Apr 3 2014, 6:10pm CDT | by Forbes
After setting it up and using it for a few hours, I can testify that Amazon has done a great job with both the hardware and the user interface but, fundamentally, it does the same thing as the Roku, Apple TV, Google Chromecast and even most game consoles. You can use it to stream video from Netflix, Amazon, HuluPlus. Showtime, Bloomberg TV and other sources along with music from the likes of Pandora and iHeart radio. While it still doesn’t have any many channels as Roku, it’s a lot more robust than Google’s Chromecast was when it was introduced last year, although Chromecast’s offerings are growing steadily.
Probably the biggest advantage of the Fire is the ability to use voice commands to start a show or launch an app by pressing a button and speaking into the Bluetooth remote control. If you know what you want to watch that’s a lot easier than having to use the remote control to move about an onscreen keyboard to type in the name of what you’re looking for. But there’s one problem with it. When it comes to starting a show, so far it only works with Amazon’s video service. So, if you want to watch House of Cards for example, you can use your voice to find it but instead of watching it for free on Netflix, which created the series, you’ll wind up on Amazon Instant Video where you’l pay $2.99 per episode. Of course you can still search Netflix and other services with the on-screen keyboard. You can use voice search to launch non-Amazon apps, including Netflix.
While Amazon gets credit for including apps from streaming competitors, there is no question that Fire is Amazon-centric. First, only Amazon apps are pre-installed. You have to download any other services you want to use. That’s not hard or particularly time consuming but it’s an extra step. Once you have, say, Netflix installed, you can access it from the Home screen or app screen but the other navigation screens – Movies, Watchlist and Games – are dedicated to Amazon content. There is also a screen where you can view your photos stored on Amazon cloud servers.
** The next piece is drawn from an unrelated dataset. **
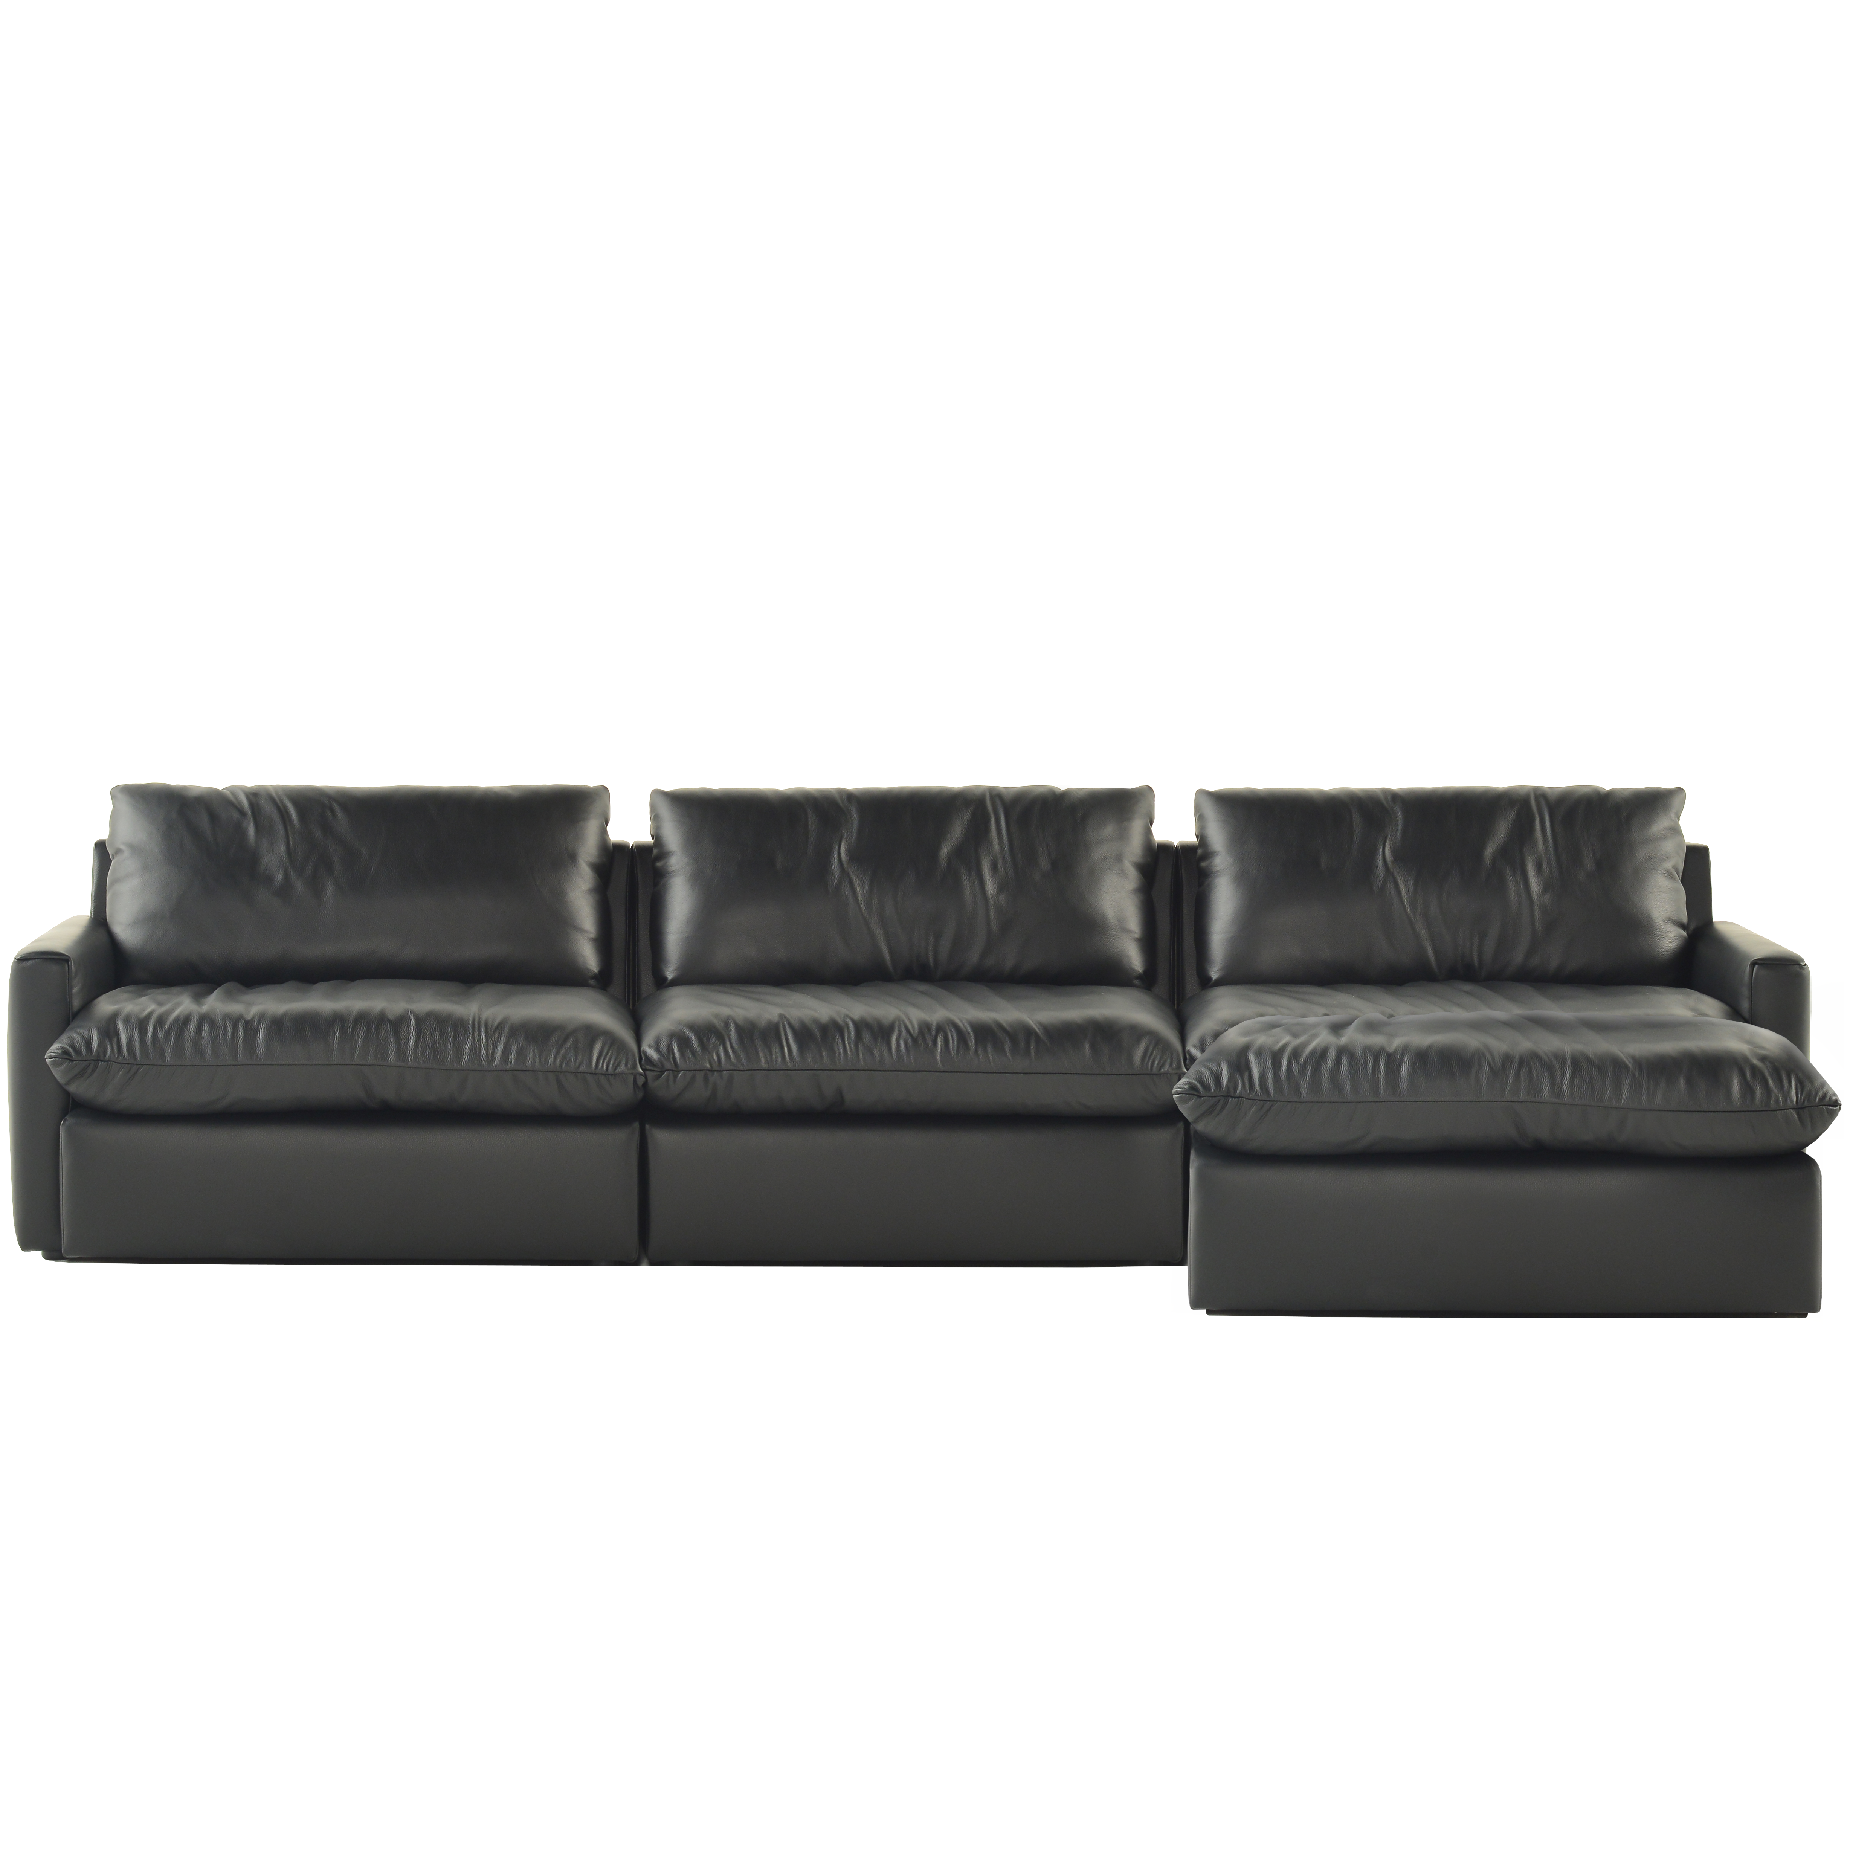 (주)도이치 DOICH ®    PEN26 modular sofa+stool 도이치 펜26 4인 모듈소파+스툴  [4주 주문제작]

Besides the voice search, the other major hardware advances over the competition are its faster quad-core processor and it’s 2 GB of memory but – so far – I’m not seeing a lot of extra advantages from those enhancements. Yes, Amazon programs seem to come up a little faster on the Fire than they do on my Roku 3, but the difference is pretty negligible. The main performance barrier to any streaming service is your broadband connection and the device can’t improve that. It can, however, help with content buffering and speed of accessing apps but you will always be affected by the performance of your Internet connection.
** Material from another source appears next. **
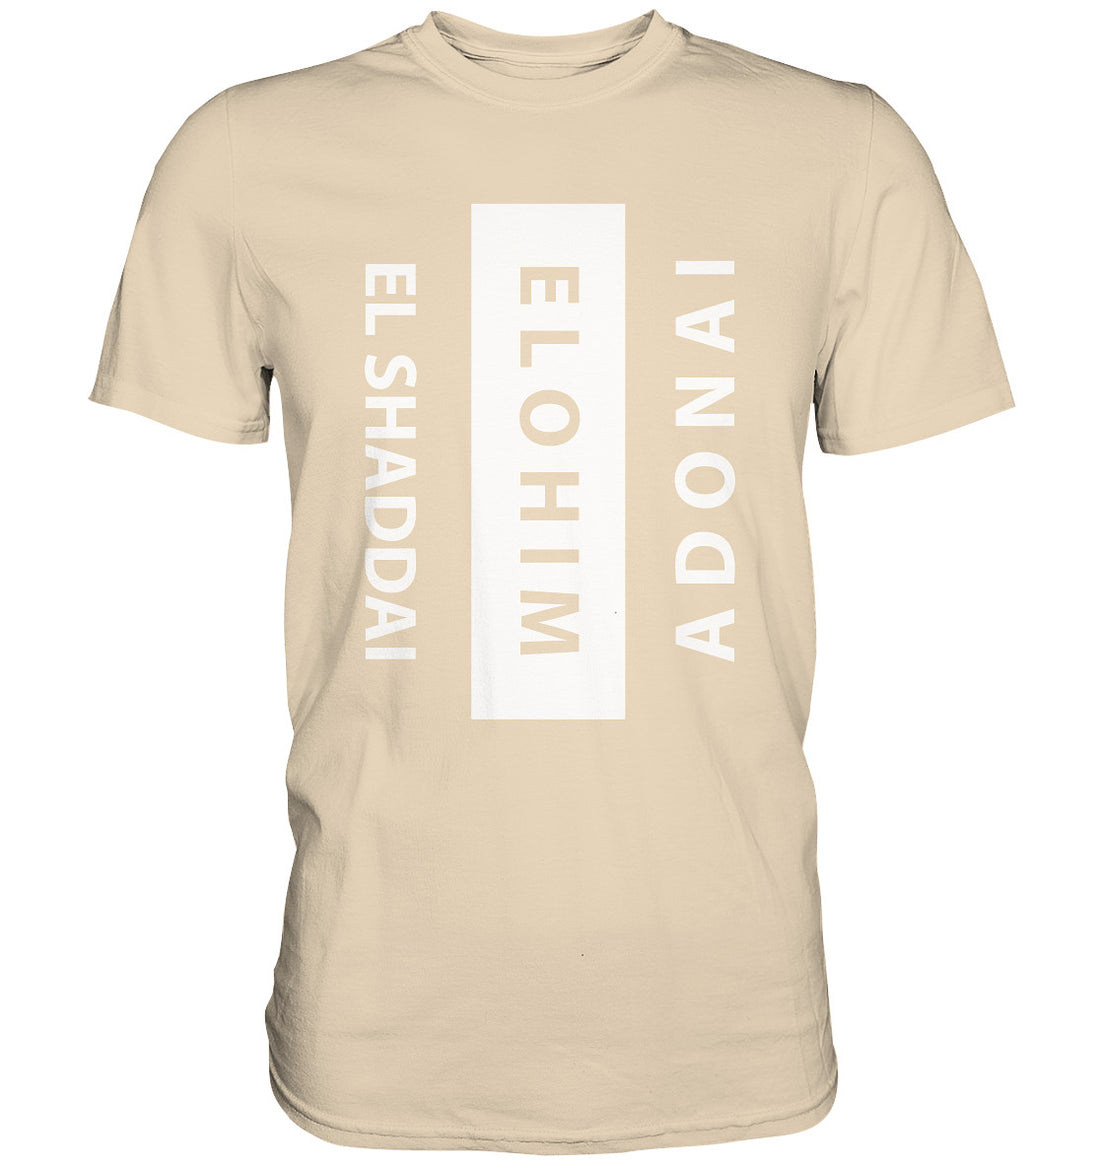 El Shaddai, Elohim, Adonai - Premium Shirt

Overall, the Fire is a very nice contender priced the same as other premium streaming devices like the Roku 3 and Apple TV but twice the price of the least expensive Roku and nearly 3 times the cost of Google Chromecast. Its voice search makes it a terrific way to access Amazon content and the fact that its written in Android means it will likely play host to an increasing number of apps and games. Its easy to install and use and – as with anything you order on Amazon – easy to get your hands on. But if you already have another streaming device, I see no reason to switch.